Violinist Chung Kyung-wha, who recently completed a four-city tour on Dec. 26, is returning to the stage on Jan. 15 with her younger brother Chung Myung-whun, music director of the Seoul Philharmonic Orchestra (SPO) at the Sejong Center for the Performing Arts.
As soloist of the New Year concert of the SPO, she will play Bruch’s “Scottish Fantasy,” a piece she performed for a legendary Decca recording with German maestro Rudolf Kempe conducting the Royal Philharmonic Orchestra in the 1970s. The recording also features Bruch’s popular violin concerto.
Ray Minshull, head of Decca’s classical artists’ department from 1967 to 1994, once made a remark about Chung’s impeccable interpretation of the formerly unknown “Scottish Fantasy.”
“At the time there were considerable reservations about risking the (then) virtually unknown Scottish Fantasy, since the standard concerto to put on record with the Bruch had become the Mendelssohn, but the agreed feeling was that with a star of our soloist’s magnitude we could afford to take the risk,” Minshull wrote in an introduction for a re-issue of the recording in 1996.
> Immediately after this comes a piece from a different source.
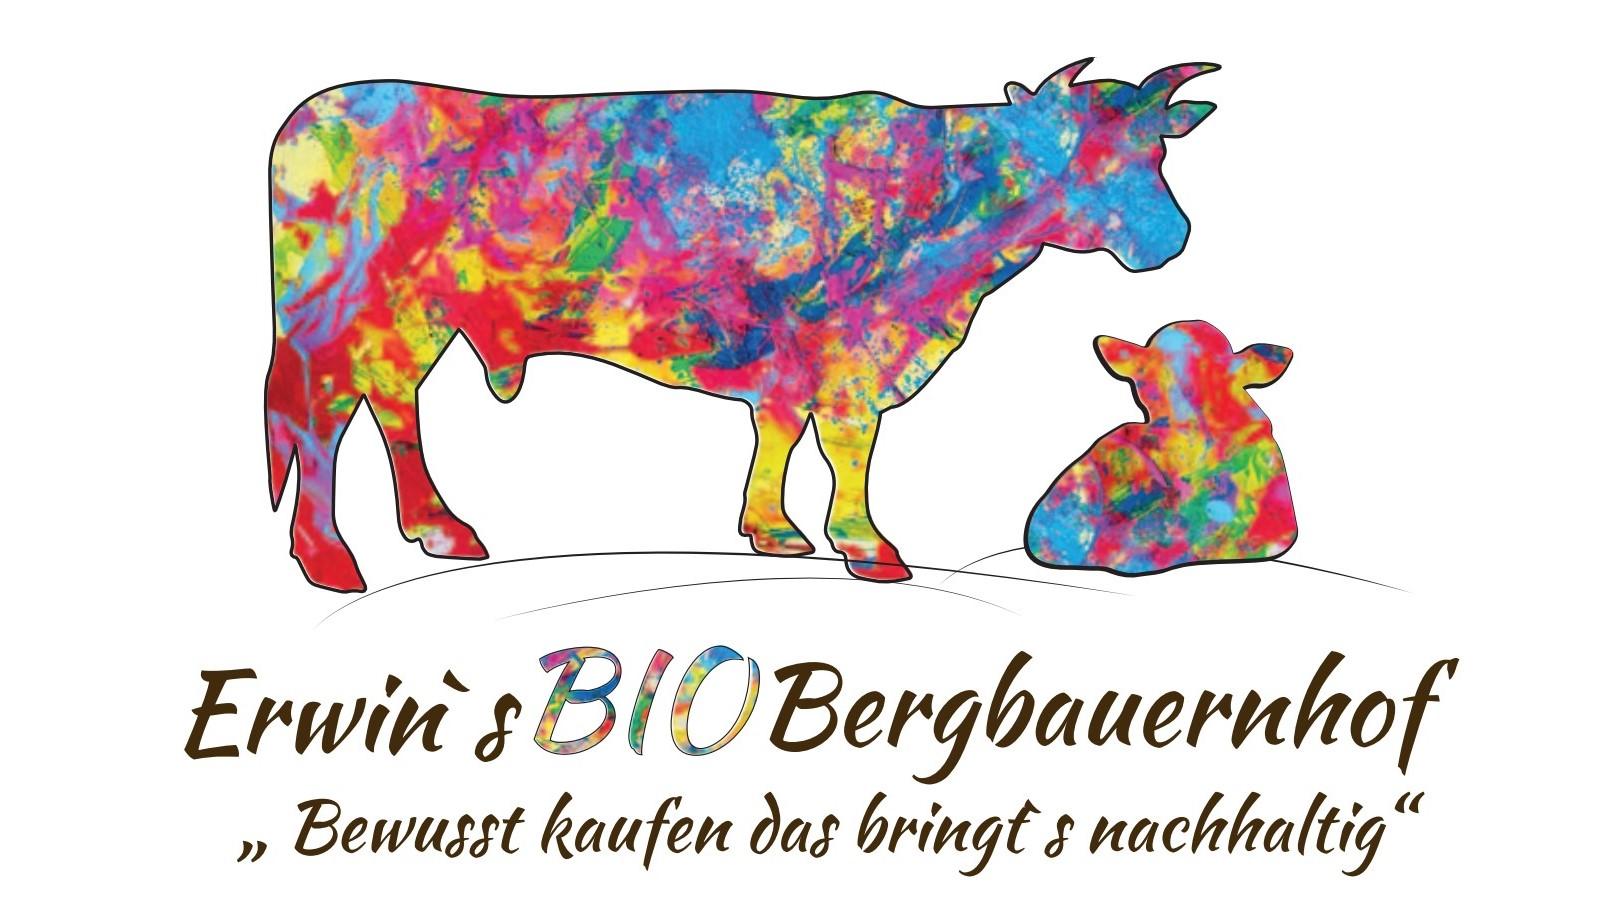 Täglich legefrische Bio-Eier von Weidehühnern gibt es bei Erwin Tisch im Thonberghof am Fuß der Rax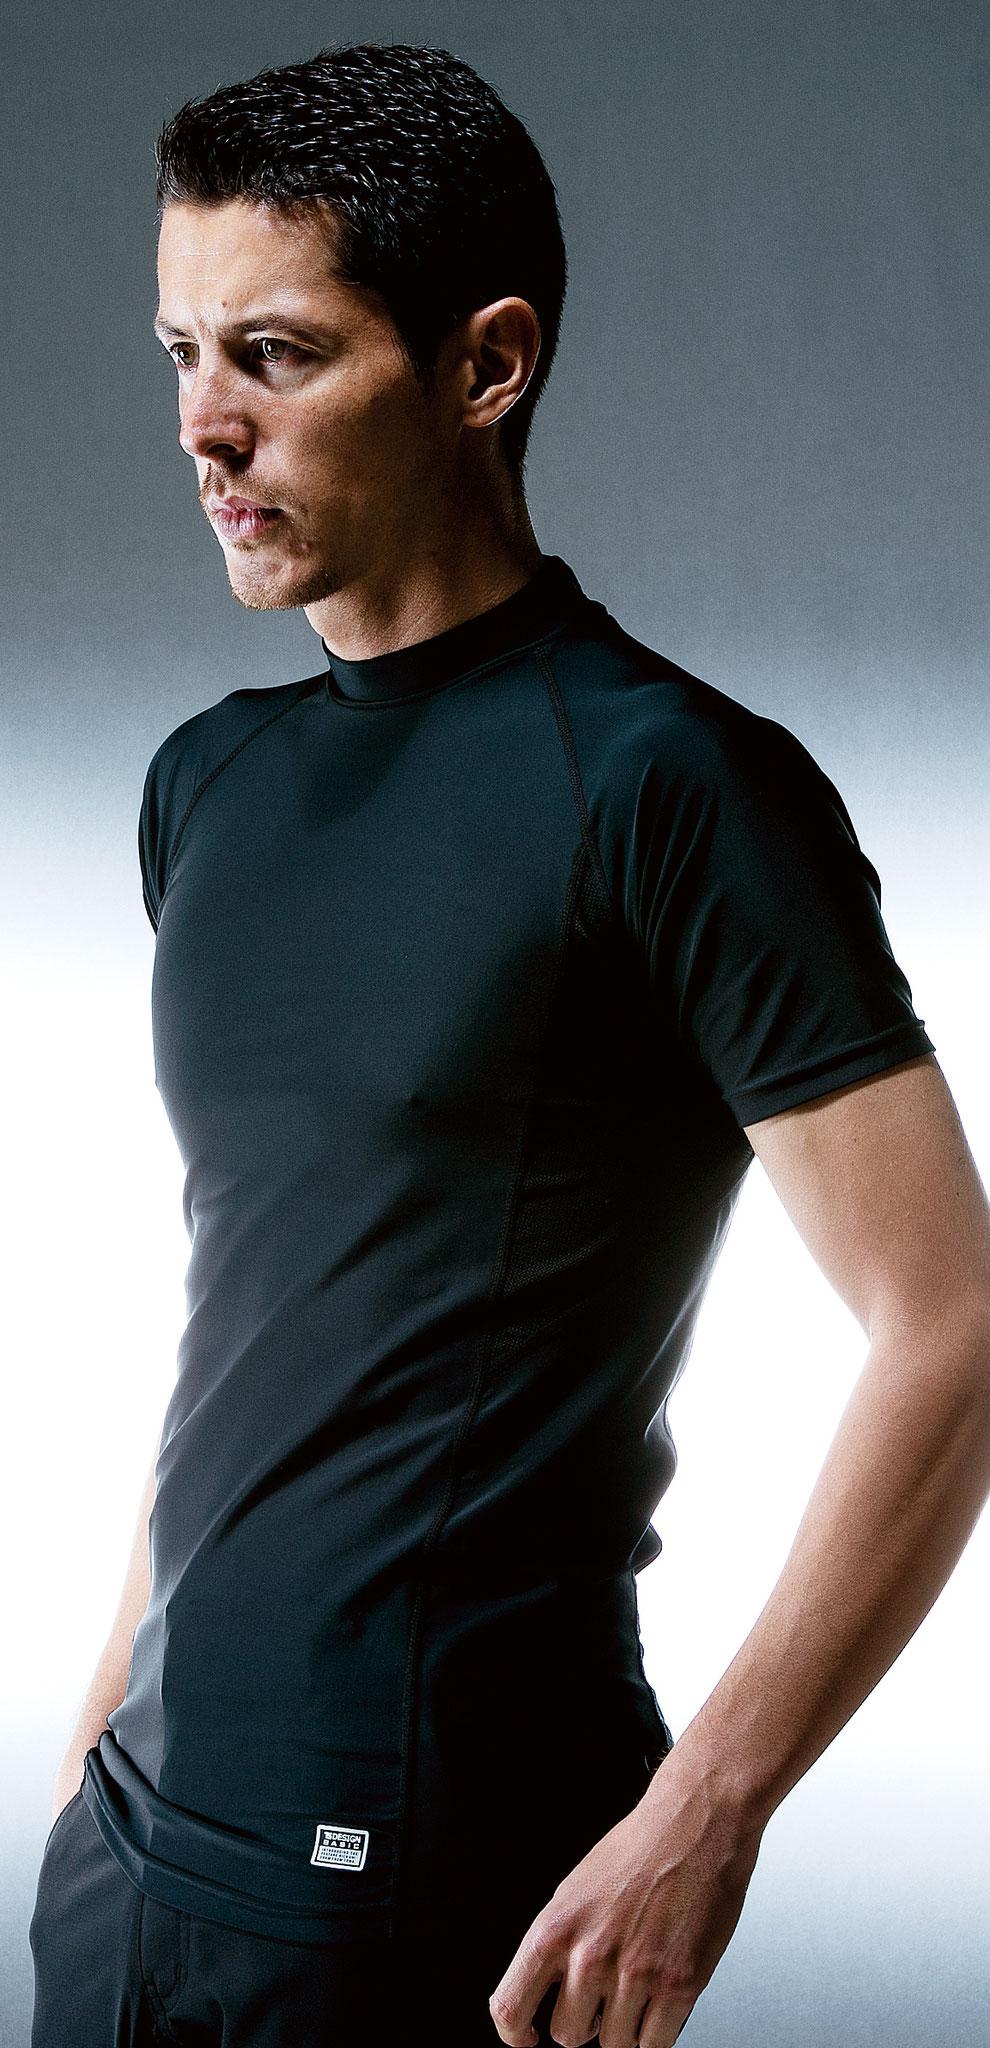 1枚で着るものOK、半袖タイプもあります。TS MUSCLE SUPPORT 841551

“This confidence was not misplaced, and the works give her a wonderful opportunity to illustrate one of the features which to me, makes her most uncommon as a violinist she is able to draw from the lower three strings of the instrument a range of emotions which I have heard from no other.”
The SPO will also perform Mahler’s 1st symphony the “Titan” in the second half of the program, a piece that appeared on the orchestra’s second Deutsche Grammophon recording in November 2011.